Minto & Turner Building waterproofing

Job type:


Grade II listed building

Requirement to provide totally dry space while preserving historic features including 1867 baling press

The mill above is being converted to apartments, so a structural warranty provider is on board, meaning that their requirements/approvals for waterproofing design and installation are a requirement

The structure suffered issues of water ingress associated with the adjoining canal lock, but could not be 'tanked' (listed) and we provided a creative solution

Four sump pump systems with eight pumps, eight discharge pipes and eight 60kg batteries (for power outage) were installed.

Original brick features retained in areas.

The Property

This was an unusual case in that 50% of the basement included a suspended timber floor, i.e. floorboards spanning between sleeper walls, with nothing but earth beneath.

This provides no actual floor structure to waterproof, and so a strategy for waterproofing was devised which included removal of the decayed timber and replacement with a concrete slab, bearing onto the sleeper walls with fill material beneath.

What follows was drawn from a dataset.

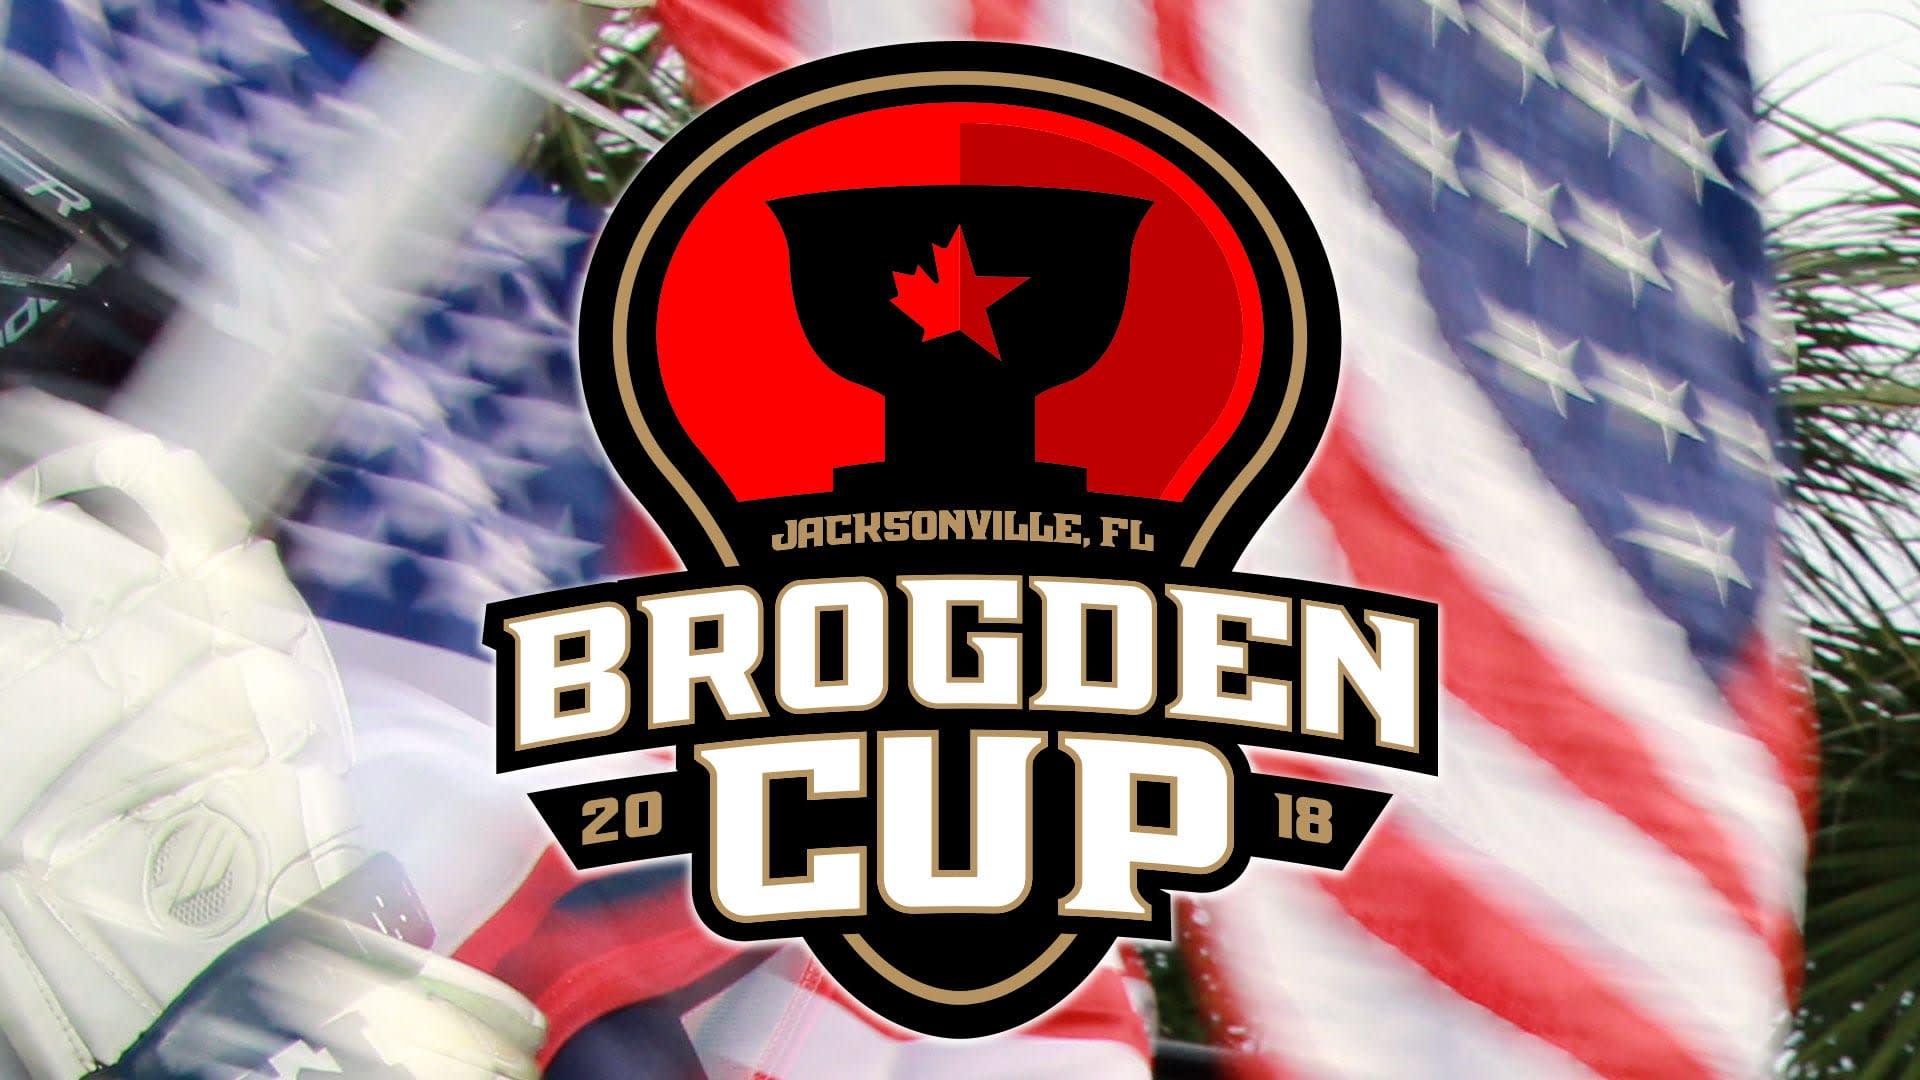 Brogden Cup
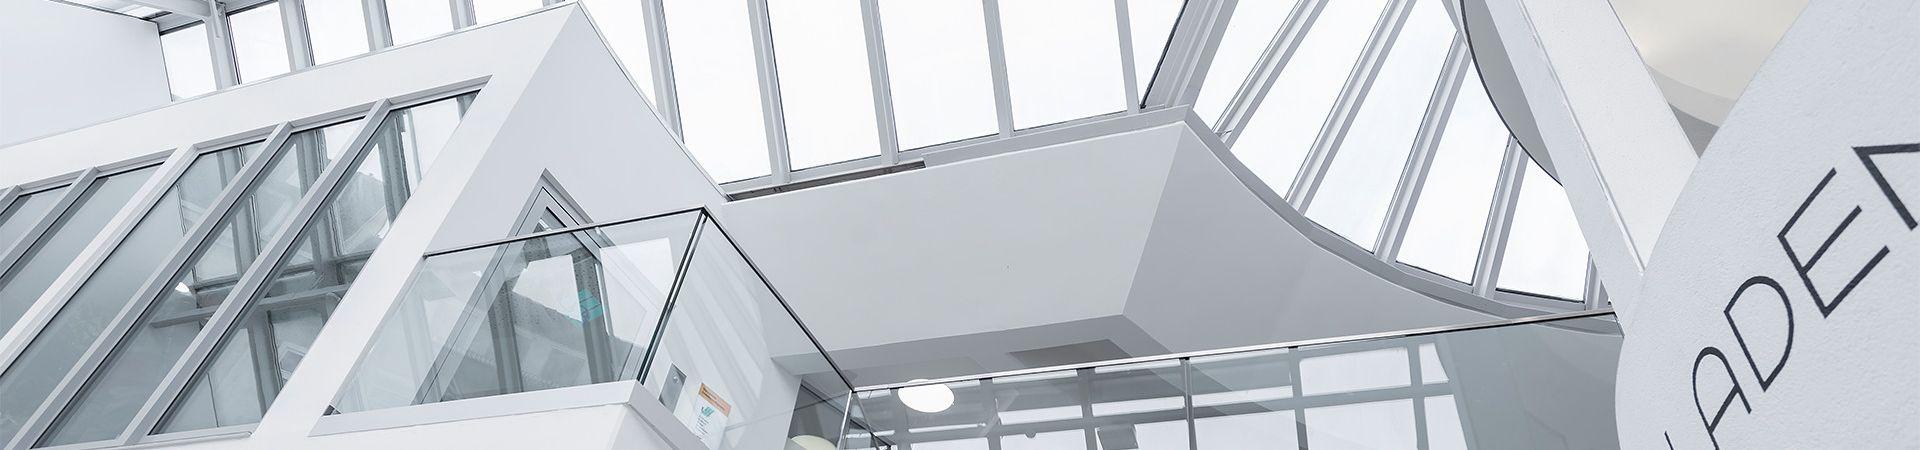 Glassline Glasgeländer - flexible, kurze Planung, schnelle ...

In listed buildings, systems must be sympathetic to what is a historic asset.  Therefore, you cannot slap cementitious waterproof renders (for example) onto the inside of the structure, because it would bond to it, and this is considered irreversible damage.

As a result, reversible cavity drainage (cavity membrane, drainage channels, sump pump systems) waterproofing is the prefered option.

Capital & Centric

Type C - Cavity Drainage Waterproofing

Cavity drainage waterproofing is water management, you collect and remove penetrating water while isolating it from the interior so that it does not present an issue.  There is reliance on the shell of the building to provide resistance to ingress, so that the cavity drainage system can deal with the volumes of water.  If volumes of ingress are high, structures will often receive barrier tanking measures to reduce their permeability, but what do you do if it’s listed and you cannot use tanking to reduce substantial ingress?

This is what we had to design for here.

Part of the solution was to manage groundwater using land drainage.  We observed the natural flow of water ingress prior to the concrete slab being laid.  Part of the site externally falls away from the building (ground level reduces), and water ingress flowing along inside the building, drained out again local to where the external levels reduce.

Water management external of the structure

Therefore we installed land drainage in the oversite (below proposed slab), along the natural path of the water to encourage water to where it could exit.  In addition to this, we added an extra sump chamber (single mains pump) with sealed/water-tight cover, which is detailed only to receive water if this backs up within the drain.  If it does back up then the cover is sealed to maintain continuity of the structure/barrier to ingress, and internal of that is the true cavity drainage with 4x sumps (each with 2x mains pumps and a battery back-up system with multiple batteries).  An interesting case requiring some well considered design and implementation to achieve low risk, working within the constraints of what was present.

Just under 500kg of battery (excluding inverter panels).